Former US Environmental Protection Agency administrator Christine Todd Whitman, who headed the IRI’s monitoring delegation, said at a news conference Tuesday that though overt violence was rare, “less visible but equally effective methods of in­timidation were reported to both hu­man rights groups and election observers.”

Whitman said the IRI heard reports of village chiefs forcing villagers to give oaths of allegiance to the CPP and that village chiefs had threatened to confiscate voters’ property.

“The campaign per­i­od was also marred by the anti-Vietnamese rhetoric of the major parties, particularly in speeches by the leaders of Funcinpec and the Sam Rainsy Party,” she said.

On Saturday, Whitman defended the IRI’s neutrality, saying that technical assistance had been given to all 23 political parties. She also distanced the IRI from a bill sponsored by US Senator Mitch McConnell calling for in­creased aid to Cambodia following a regime change.

The bill, Whitman said, ex­pressed “the concern and desire of its sponsors” and none of its sponsors are on the board of the IRI. She also noted that the bill has not been fully endorsed by the US Congress or the administration of US President George W Bush.

In his daily briefing to the US Congress Monday, US State Department spokesman Richard Boucher said “by and large, things went smoothly” during Cam­bodia’s election process.

But Boucher cited “re­ports of some election irregularities and allegations of vote buying and voter intimidation.” He said the US Embassy in Cam­bodia is looking into those charges.

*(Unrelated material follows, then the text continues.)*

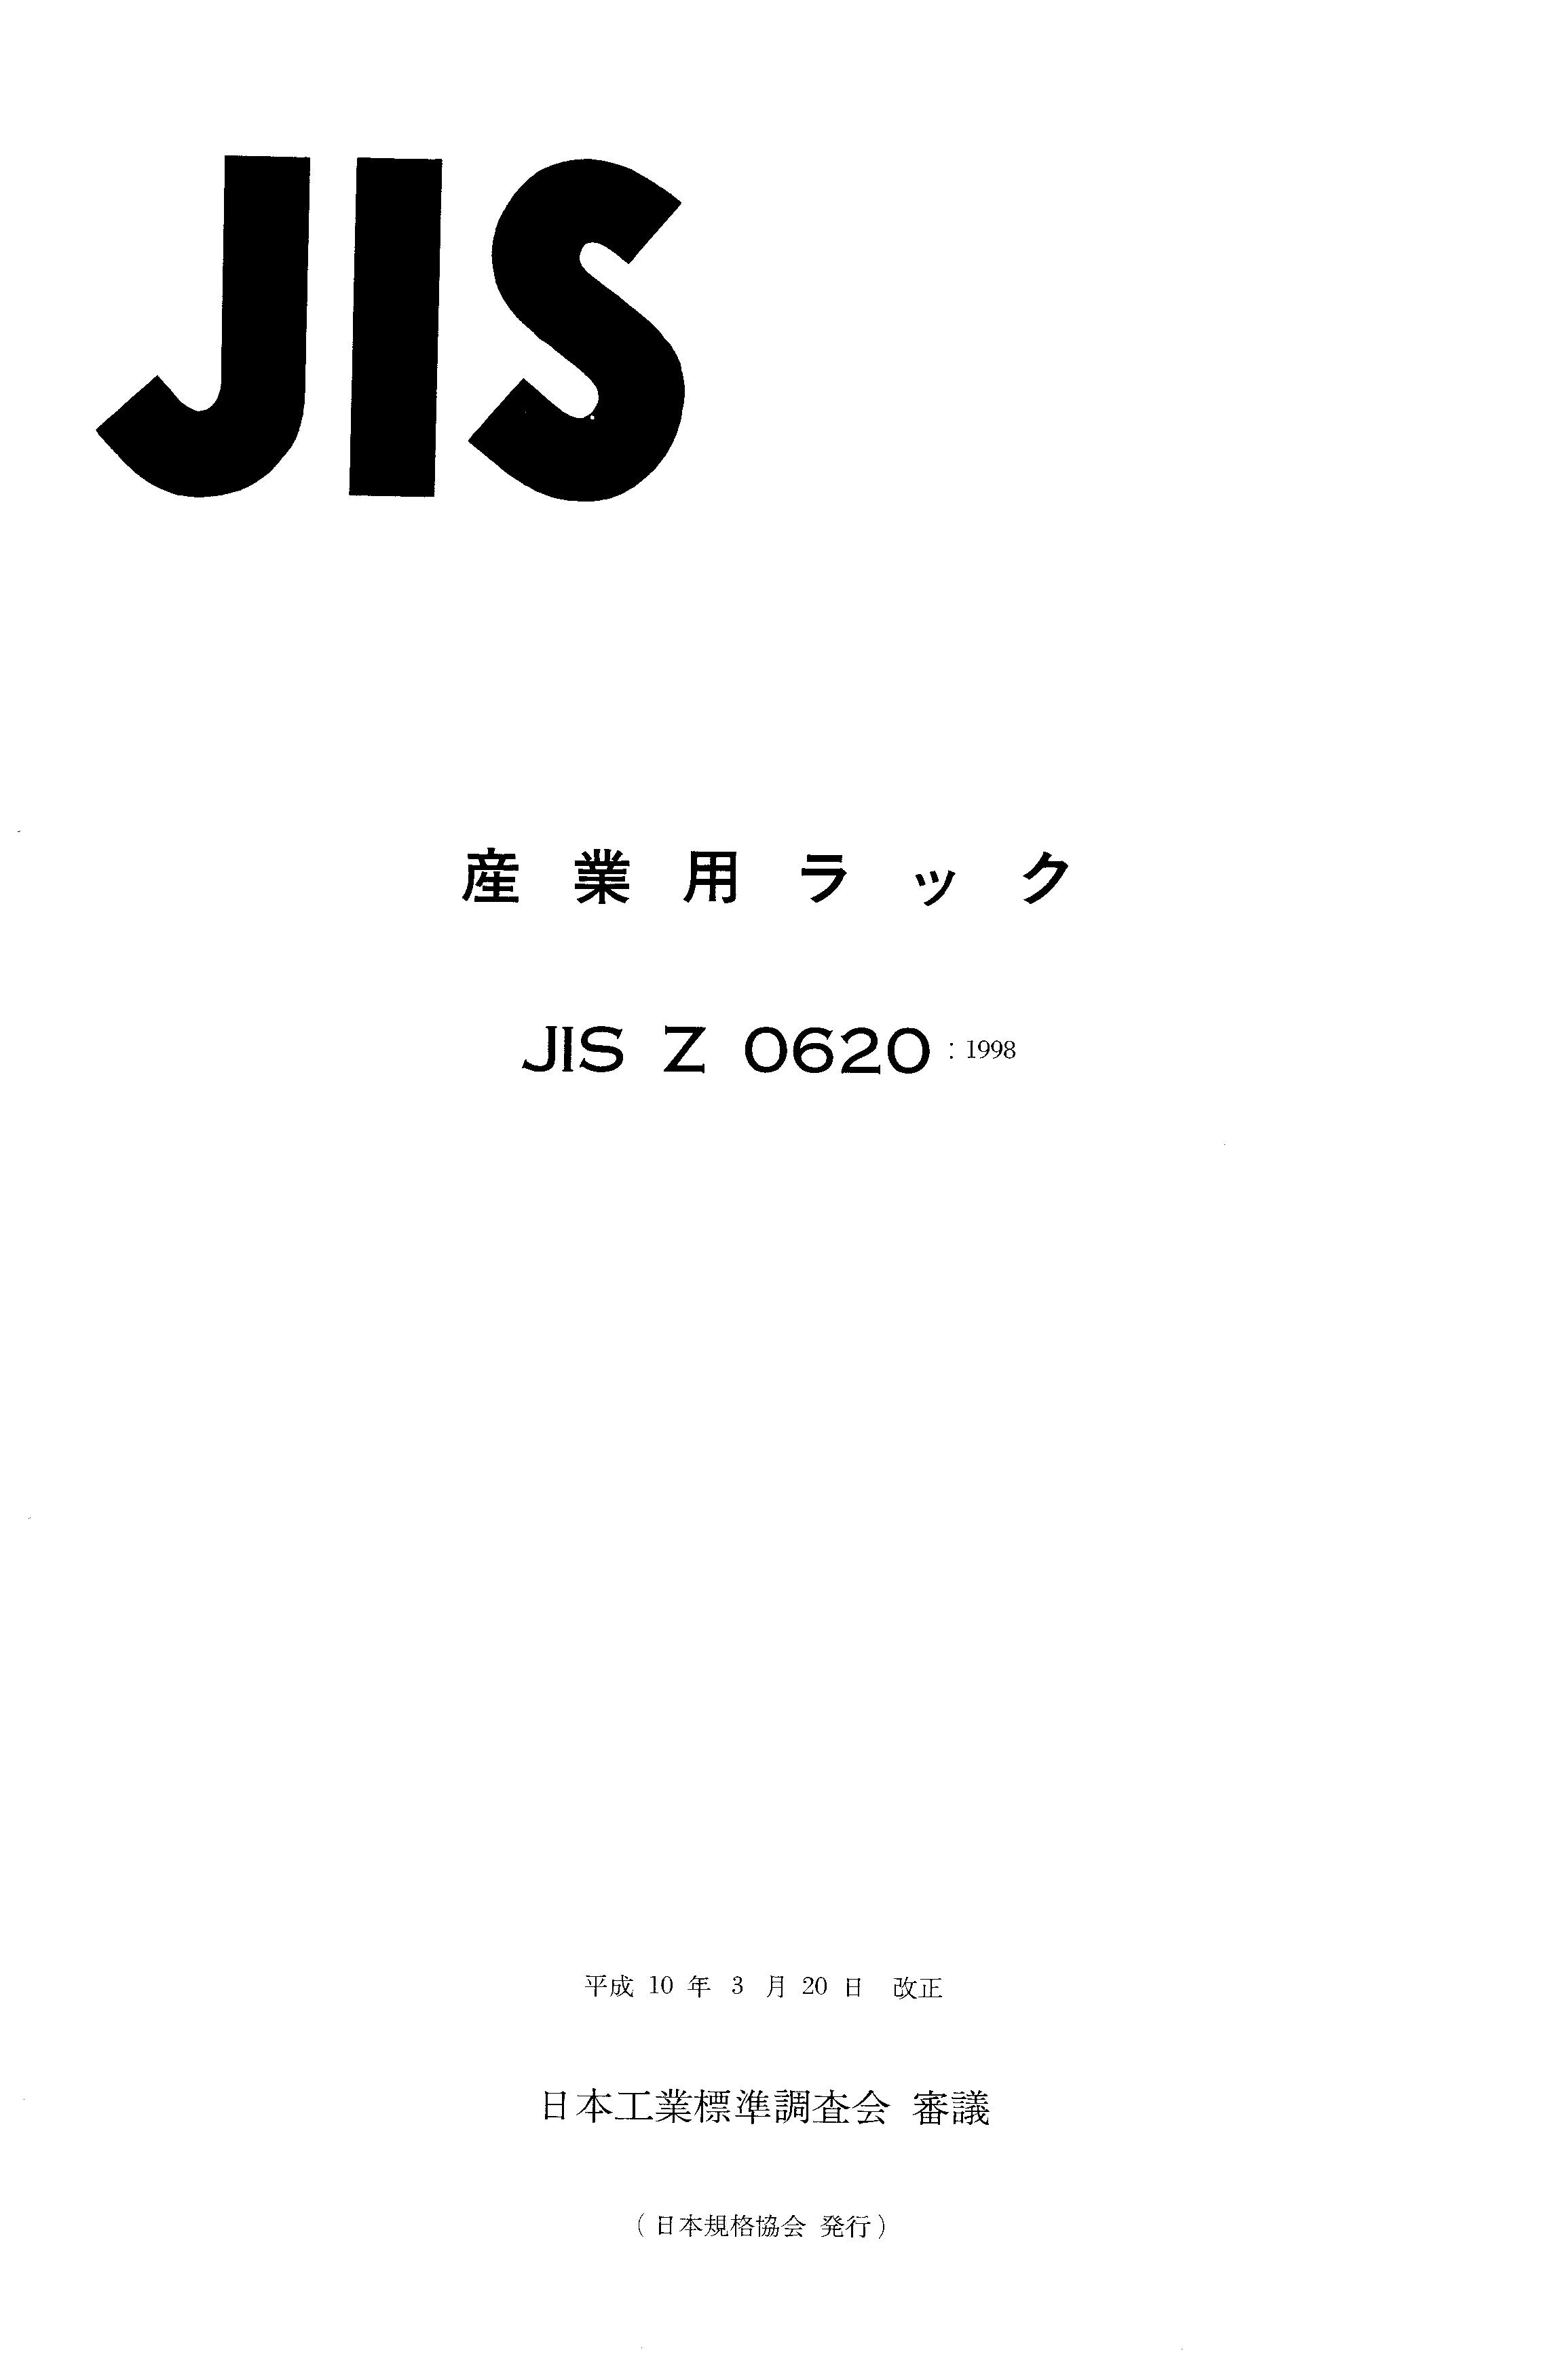 JIS Z 0620:1998

The delegation from the Trans­national Radical Party, however, declared in a statement Monday that no matter the outcome, they had observed “an unfair and non-democratic electoral campaign.”

“Opposition to the daily propaganda of the government and the CPP should have been guaranteed through daily slots granted to all parties,” said Marco Panella, a member of the European Parlia­ment.

“Unfortunately, the parties were forced to decide the con­tents of those spaces in ad­vance, before the electoral campaign, and without any chance of updating them during the campaign.”

The Radical Party is an independent NGO that promotes democracy and the rule of law.

A statement from the Japanese Government Election Obser­vation Mission declared that the mission members “witnessed no serious violent activities, intimidation or irregularities that may undermine the overall credibility of the election.”